Impact of Reperfusion Calcium and pH on the Resuscitation of Hearts Donated After Circulatory Death.

Background: Hearts donated after circulatory death may represent an additional donor source. The influx of sodium and calcium ions across the sarcolemma play a central role in the pathogenesis of ischemia-reperfusion injury; however, this process may be inhibited if the initial reperfusion solution is rendered hypocalcemic and acidic. We sought to determine the calcium concentration and pH of the initial reperfusion solution that yielded optimal functional recovery of hearts donated after circulatory death during ex vivo heart perfusion.

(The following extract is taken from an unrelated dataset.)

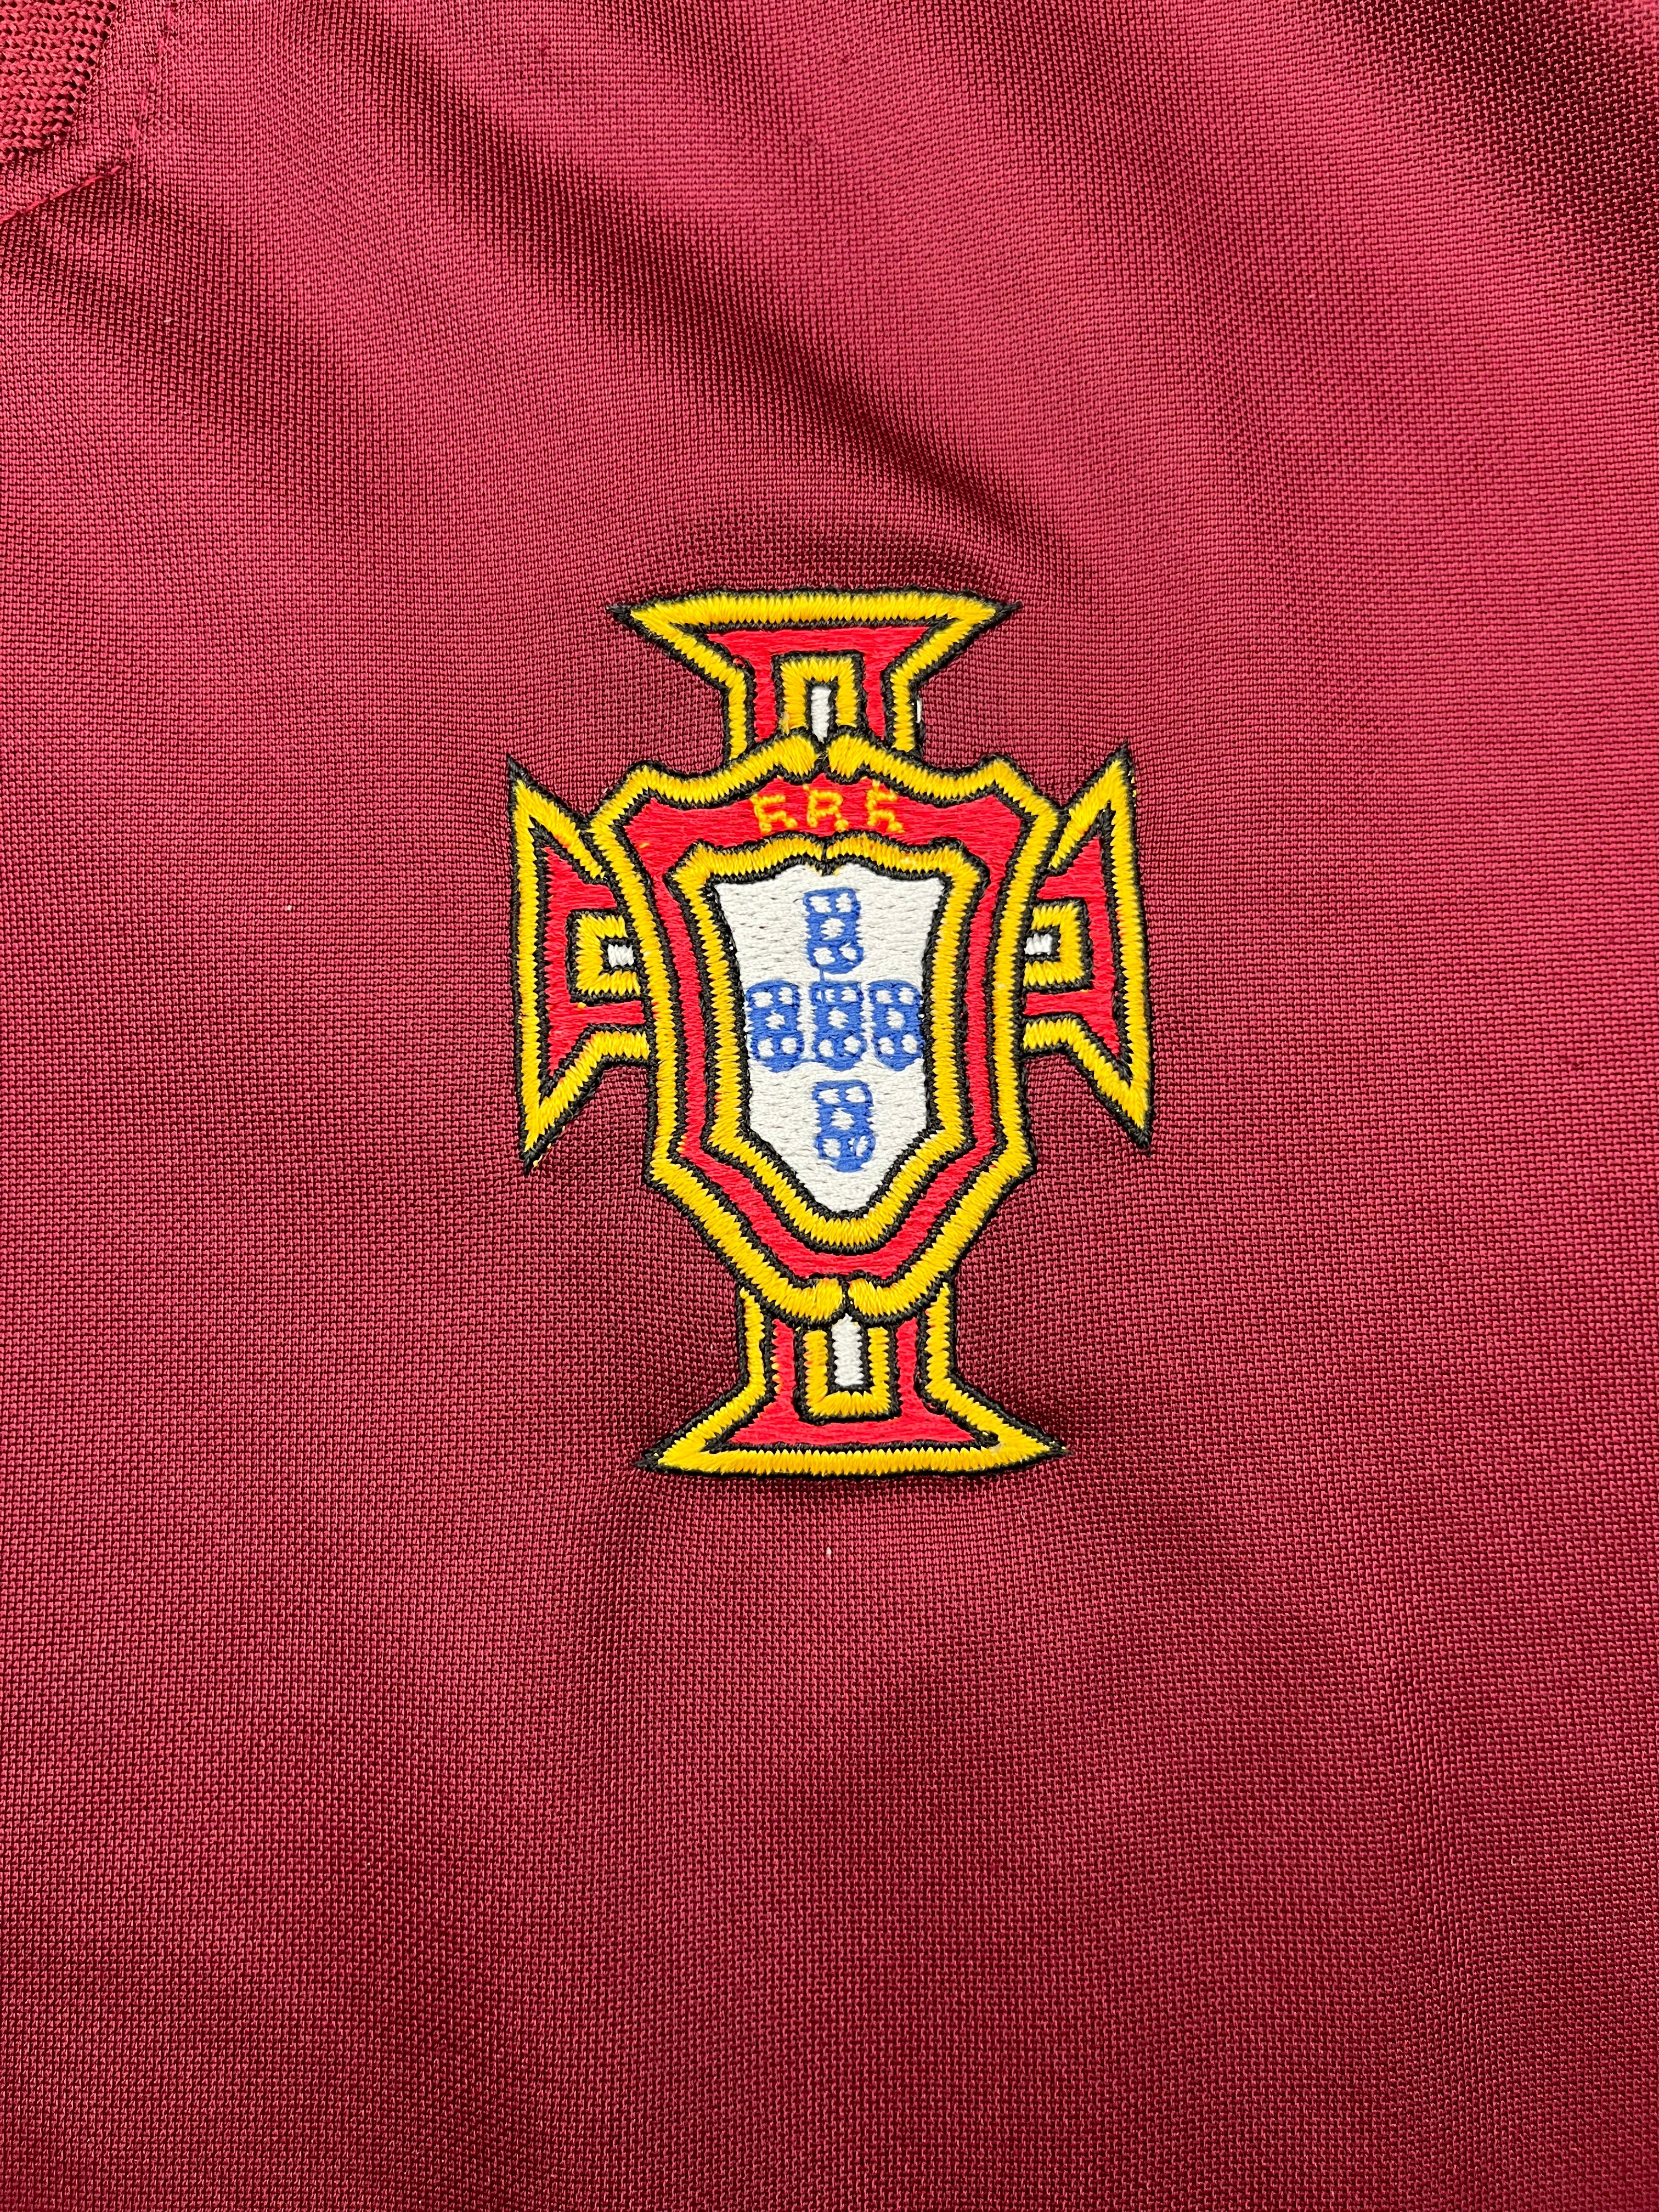 1998/00 Portugal Home Shirt (L) 8.5/10

Methods: Pigs were anesthetized, mechanical ventilation was discontinued, and a 15-minute standoff period was observed after circulatory arrest. Hearts were reperfused with a normothermic cardioplegia of varying calcium concentrations (part 1 [50 μmol/L, n = 4; 220 μmol/L, n = 9; 500 μmol/L, n = 4; and 1,250 μmol/L, n = 5]) and pH (part 2 [7.9, n = 5; 7.4, n = 9; 6.9, n = 8; and 6.4, n = 6]). Myocardial function was then assessed in a physiologic working model 1 hour after initiation of normothermic ex vivo heart perfusion.

Results: The calcium concentration and pH of the cardioplegic solution affected the development of myocardial edema (part 1: 50 μmol/L = 5.8% ± 0.9%; 220 μmol/L = 4.3% ± 0.4%; 500 μmol/L = 7.0% ± 0.6%; and 1,250 μmol/L = 6.6% ± 0.8% weight gain, p = 0.015; part 2: 7.9 = 3.6% ± 0.4%, 7.4 = 4.3% ± 0.4%, 6.9 = 3.7% ± 0.6%, and 6.4 = 6.4% ± 1.3% weight gain, p = 0.056) and the recovery of myocardial function (cardiac index part 1: 50 μmol/L = 2.6 ± 0.6; 220 μmol/L = 6.0 ± 0.8; 500 μmol/L = 2.3 ± 0.5; and 1,250 μmol/L = 1.9 ± 0.6 mL · m · g, p < 0.001; part 2: 7.9 = 1.5 ± 0.7; 7.4 = 6.0 ± 0.8; 6.9 = 8.4 ± 1.8; and 6.4 = 3.1 ± 0.8 mL · m · g, p = 0.003) during ex vivo heart perfusion.

Conclusions: Initial reperfusion of hearts donated after circulatory death with a hypocalcemic and moderately acidic cardioplegia minimizes edema and optimizes functional recovery during subsequent ex vivo heart perfusion.